Monday, 3 June 2013

RESOLUTION ON SCRAPPING OF NEW PENSION SCHEME


Resolution on scrapping of New Pension Scheme which is going to be presented on 9th NFPE federal council is reproduced below.




RESOLUTION ON SCRAPPING OF NEW PENSION SCHEME

         This 9thFederal Council, while vehemently opposing the new pension scheme introduced from April2004, strongly urges for scrapping of the scheme. The argument advocated by the Government that the total outgo on account of payments for the existing central government employees has gone up from Rs. 5,206 Crores in 1993 / 94 to Rs. 22, 618 Crores in 2003 / 04 and there is need to switch over from defined benefit pension Scheme to defined contribution Scheme does not hold water. The value of money and the Indian currency in the global market, the rise in price index and the rise in the rate of inflation are not taken into account. As the cost of living steadily increases along with the fiscal standards, the increase shown in the payment of pensions is only theoretical. Further, it is argued that many countries are switching to the contributory scheme also is irrelevant. Because, so many western countries which are quite often quoted as models by the ruling elite are paying pension as a social security for its employees ranging from 40 per cent to even 55 percent of the last pay drawn.

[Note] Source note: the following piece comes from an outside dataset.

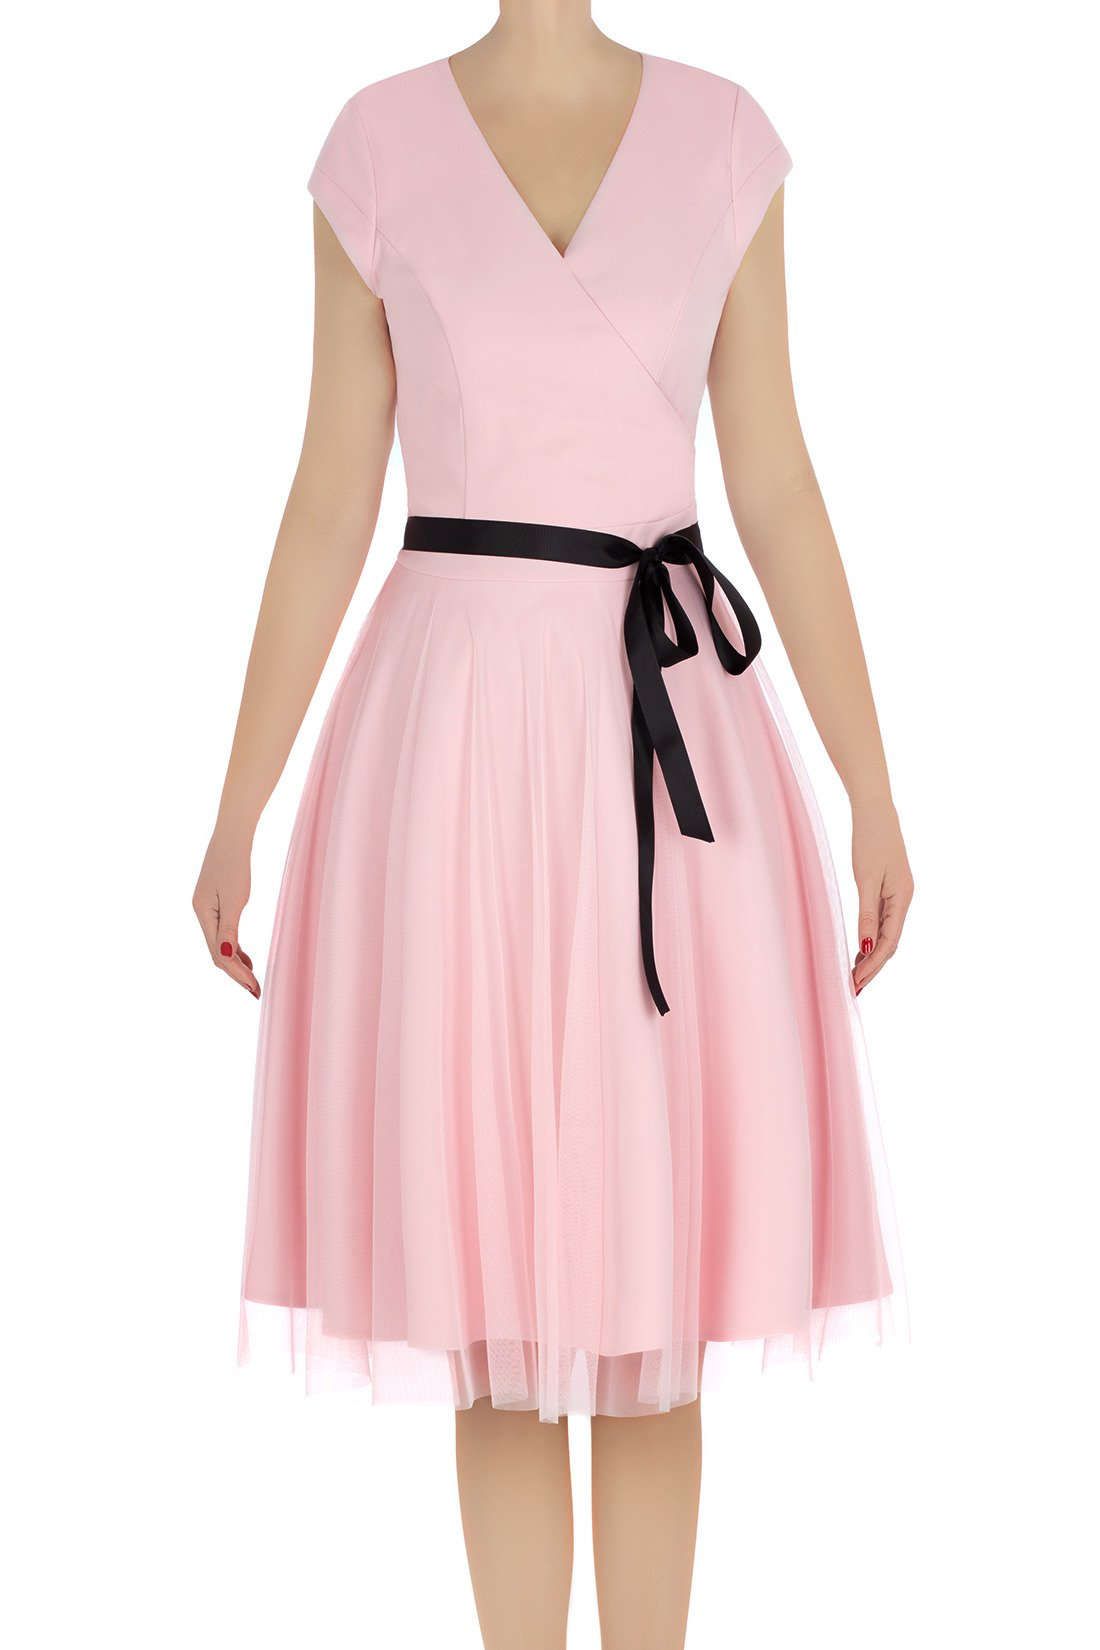 7a07bee67 Elegancka sukienka damska Feero pudrowy róż z paskiem 3225 Kliknij, aby  powiększyć ...

           This Federal Council further notes with concern that the amount accumulated in the pension fund by contributions from the employees and the departments they are employed is proposed to be invested in the trade of the share market. It is everyone’s knowledge that the share market is a heartless giant and the gambling is known for its fluctuations, many of the slumps are deliberately orchestrated to suit the needs of the trade gamblers. The fate of the hard earned money of the employees will be at the mercy of these unscrupulous elements. This is highly unfair and unwarranted.


          The new pension scheme is against the interests of the employees for the following reason:-
         
                i)   It displaces the age-old scheme of social security

ii) The fund raised in the pension will be invested in private share market for which there is no security.

iii) The contributory pension scheme does not guarantee the equal share as that of the employee by the Govt.
     

            Hence, this 9thFederal Council of NFPE held at Hyderabad from 09.06.2013 to 12.06.2013 strongly feels that this anti-employee new pension scheme may be scrapped once and for all. It further unanimously resolves to urge the UPA Govt. to drop the proposal and to restore the original defined Benefit Pension Scheme.